In today’s highly connected world, information technology (IT) has matured into an indispensable component of any successful enterprise. Large sums of money are being spent by businesses around the world to acquire IT capabilities in order to improve operational efficiency and product quality, manage business risk, and increase information security. There is no denying the importance of IT in increasing a company’s bottom line. Board-level risk management and governance operations for IT are required due to the strategic benefits and risks associated with IT investments, as well as the new regulatory environment (Raodeo, 2012). As such, IT governance paves the way for smarter decisions to be made by management with regards to IT initiatives and investments.

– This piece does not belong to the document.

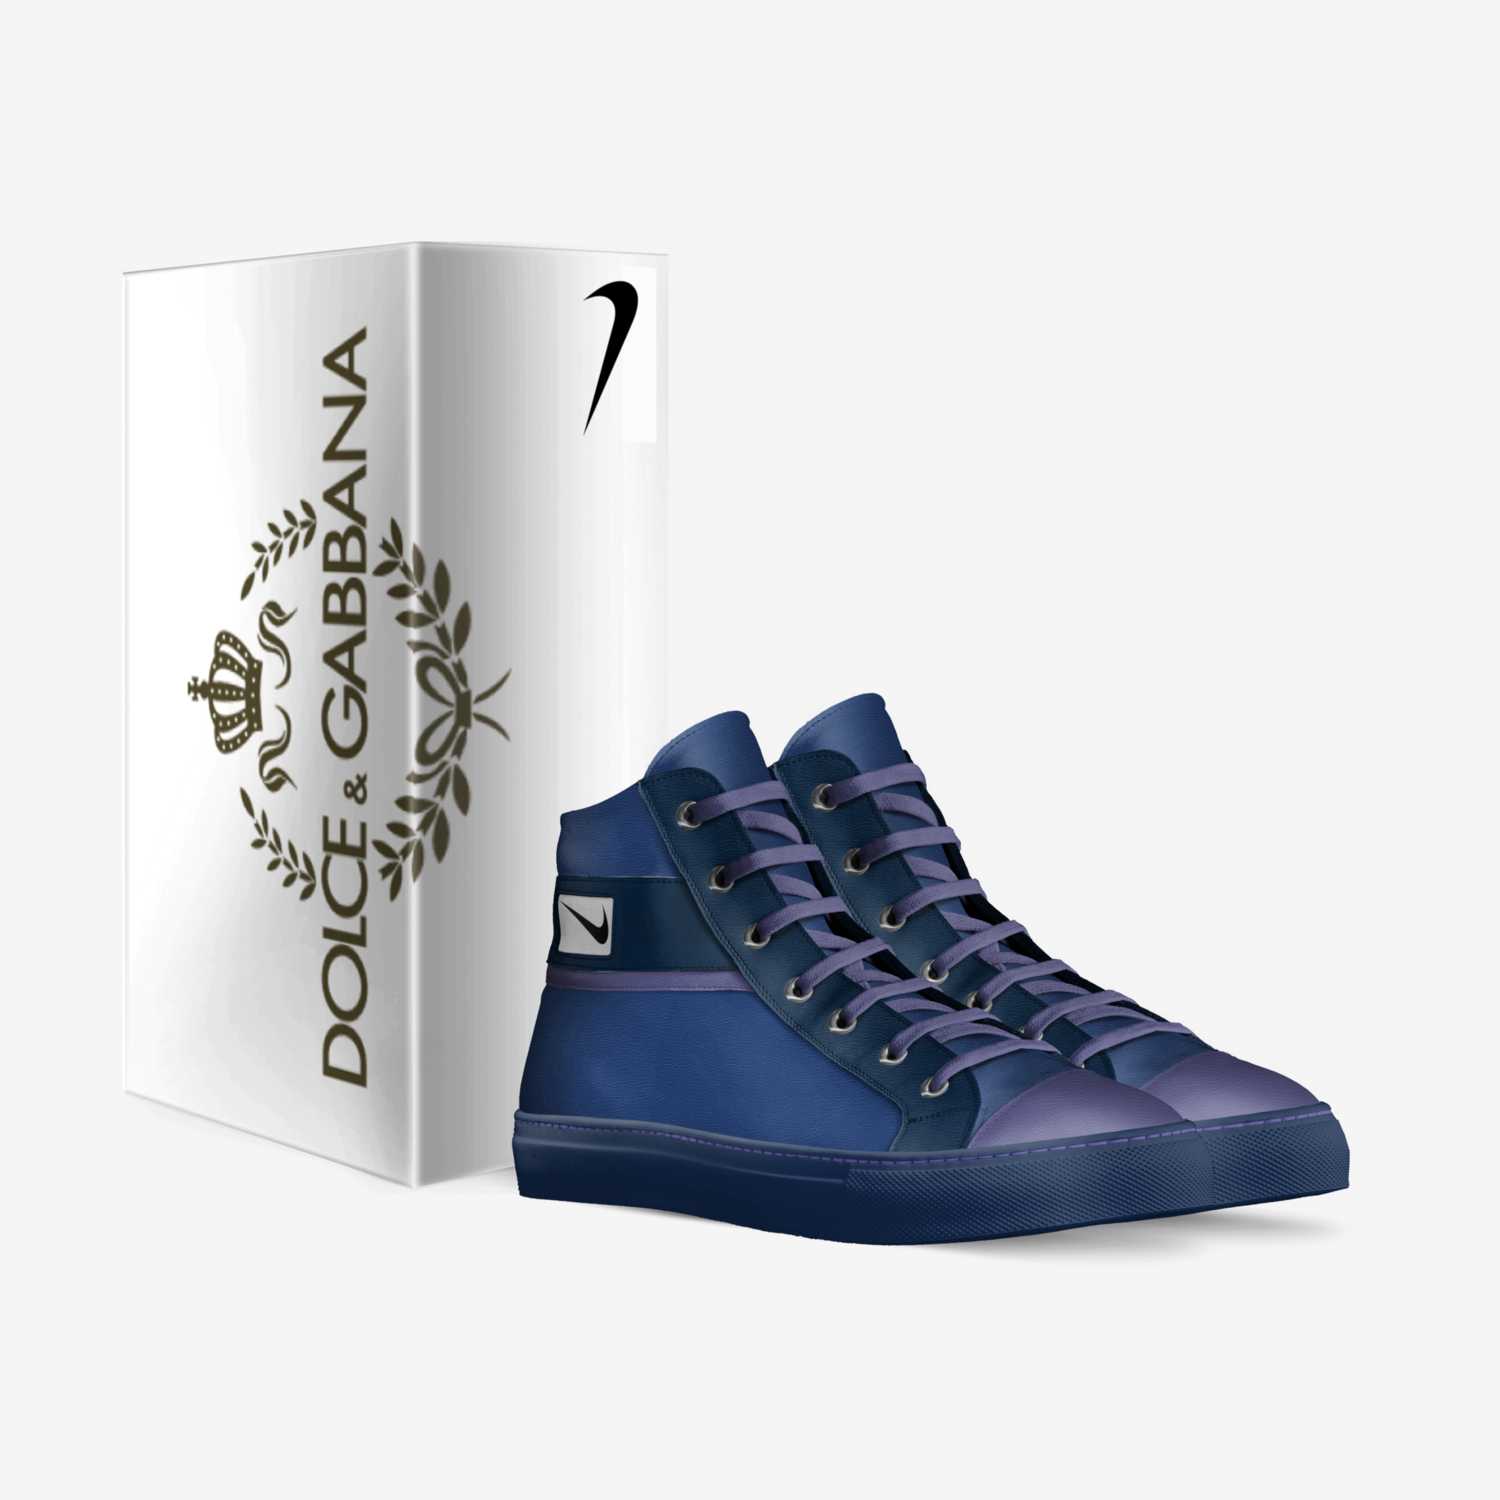 Romano Zero custom made in Italy shoes by Chris Romano | Box view
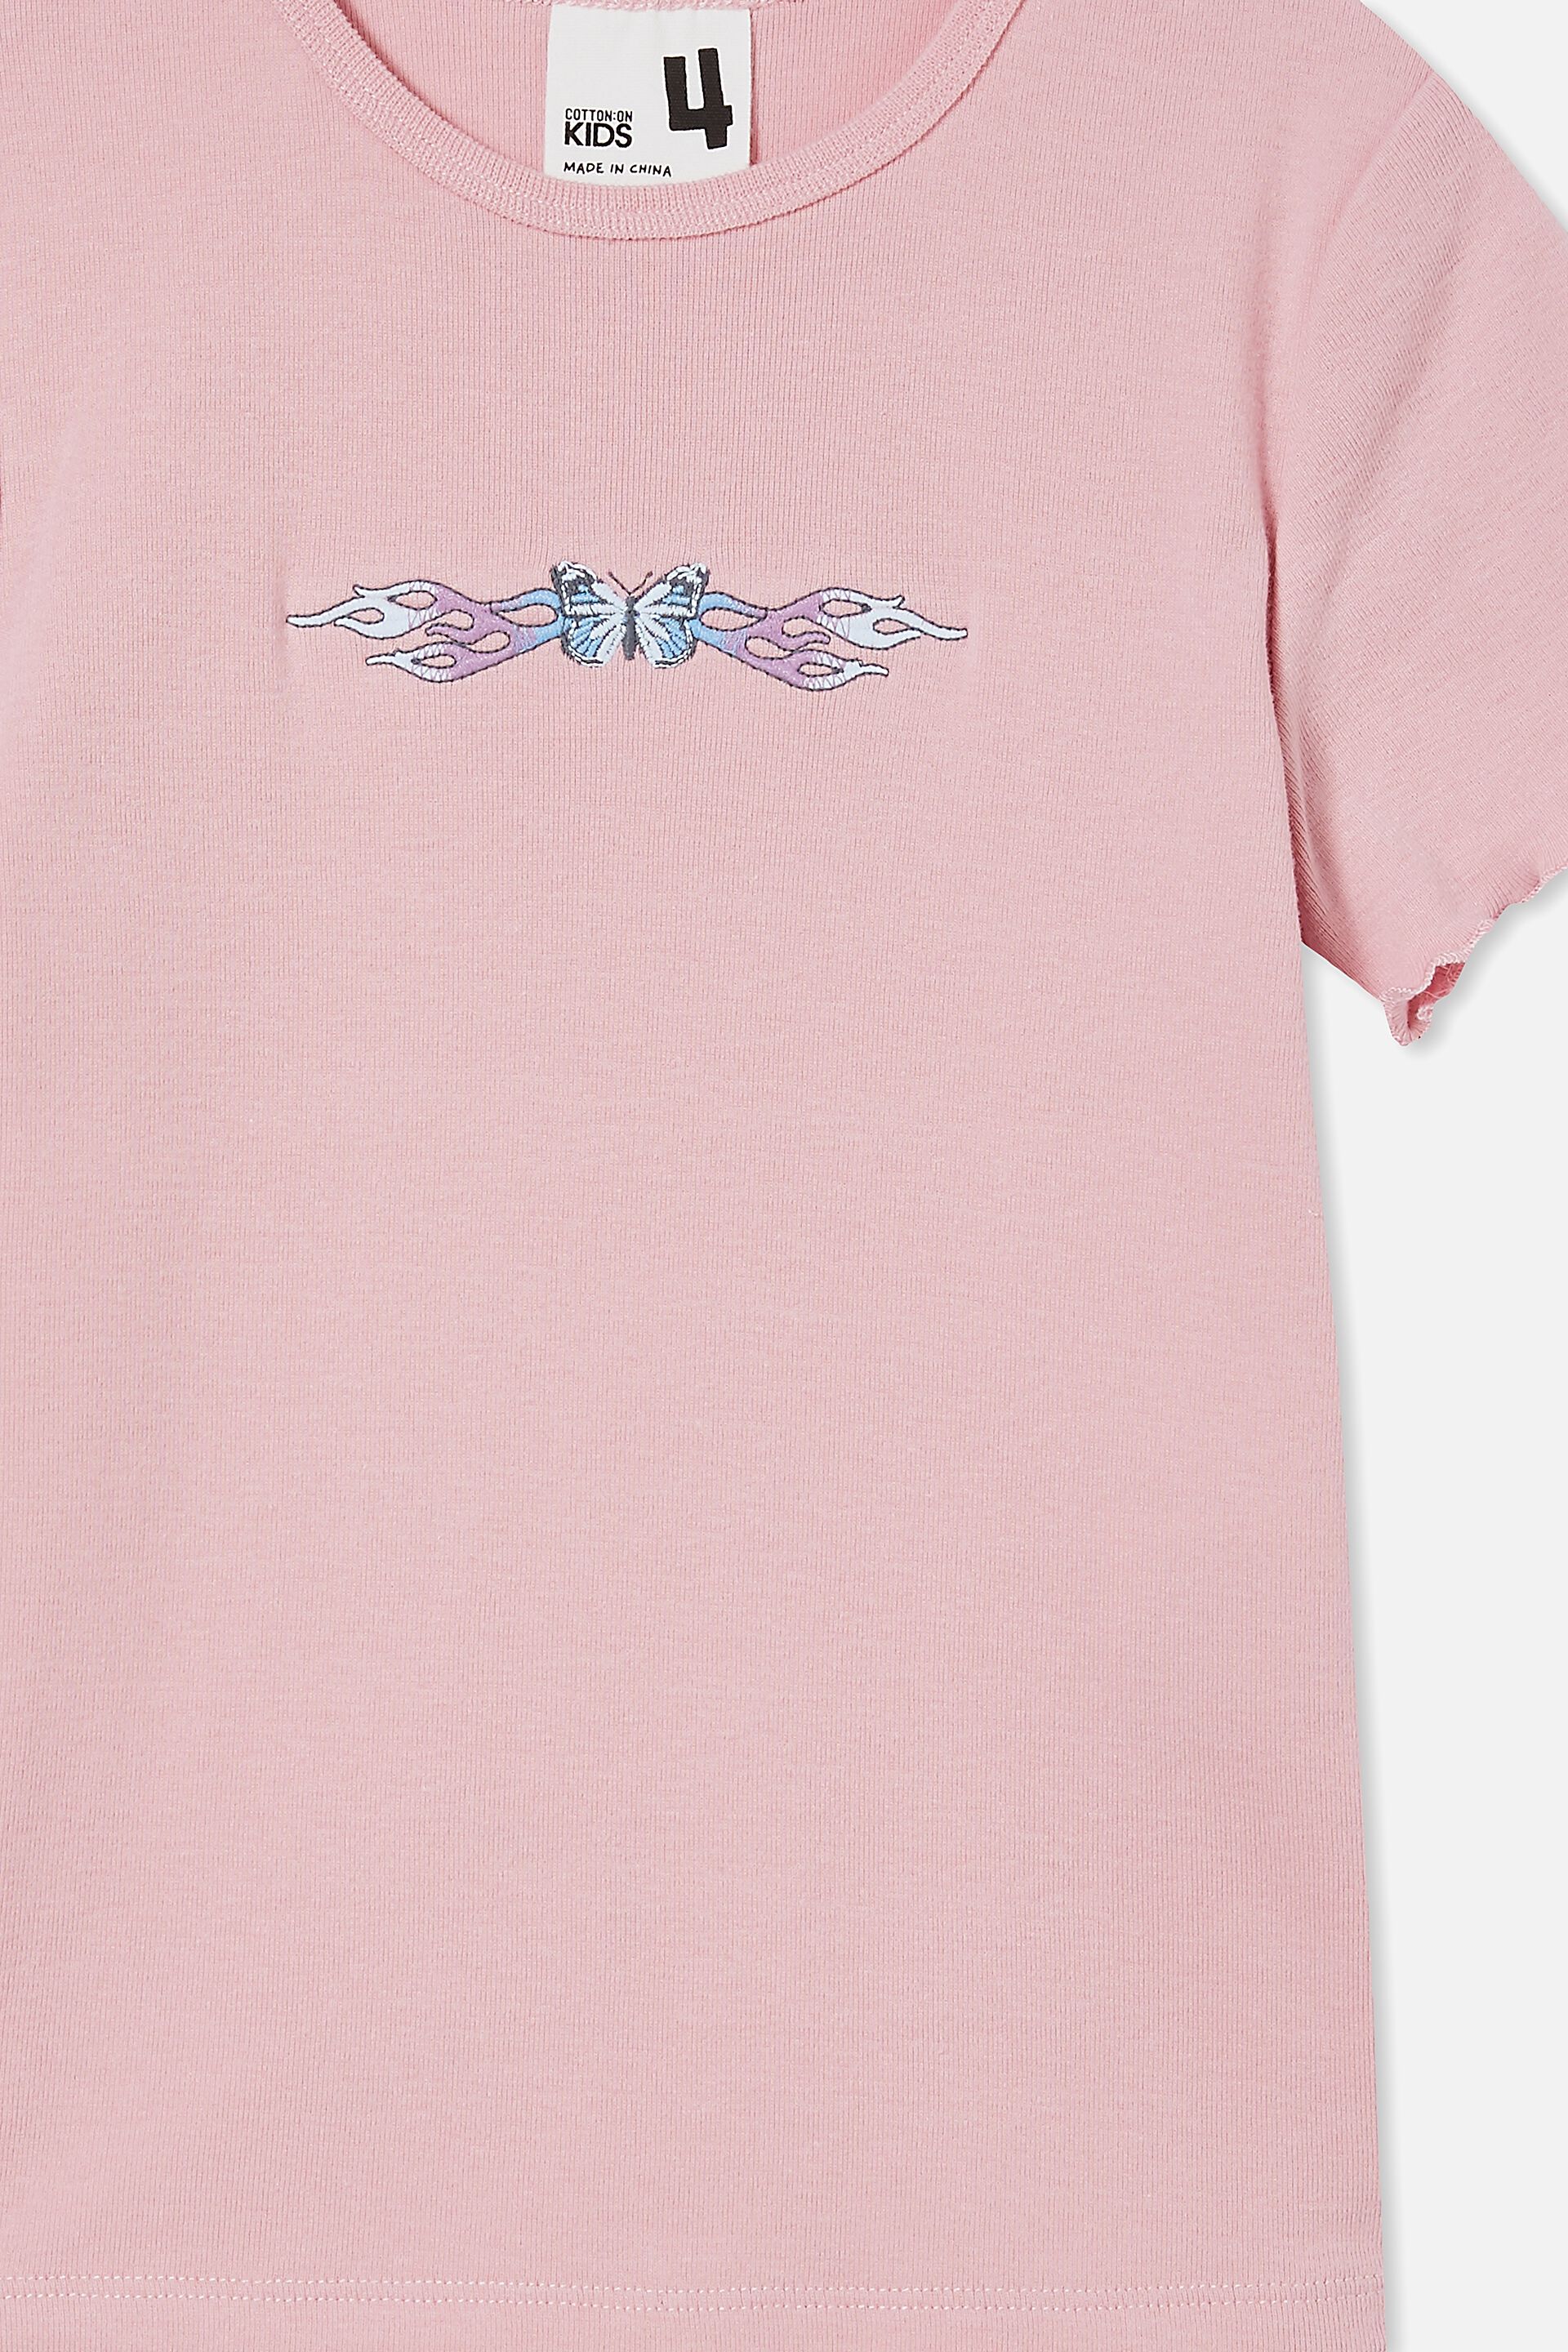 Girls 2-14 Tops & T-Shirts | Amelia Short Sleeve Top - DV05381

Organizational governance establishes appropriate and transparent high-level objectives and policies to protect all stakeholders (Unesco, 2022). A company’s ability to establish and meet business objectives, identify, respond to threats, and achieve its full potential are all influenced by its governance system. Given information technology’s crucial role in every organization, Information Technology (IT) has evolved from a transaction support function to a competitive advantage generator for businesses. The flexibility to quickly detect and react to market conditions and compete effectively within the volatile and ever-changing business environment are some critical aspects IT helps companies to achieve. IT governance, a subset of enterprise governance, refers to the leadership and organizational structures and processes that ensure IT supports and extends the strategy and objectives of the organization (Mangalaraj et al., 2014).

Governance Frameworks and Components.

Establishing appropriate and high-level objectives, policies, and business strategy requires using a governance framework. COBIT, ITIL, and ISO 17799 are governance frameworks (Symons, 2005) that various organizations could use to customize and design their governance framework that will guide and direct the visions and strategic objectives of the organization. Thus, effective IT governance requires a structure built on the three pillars of design, processes, and communication (Raodeo, 2012).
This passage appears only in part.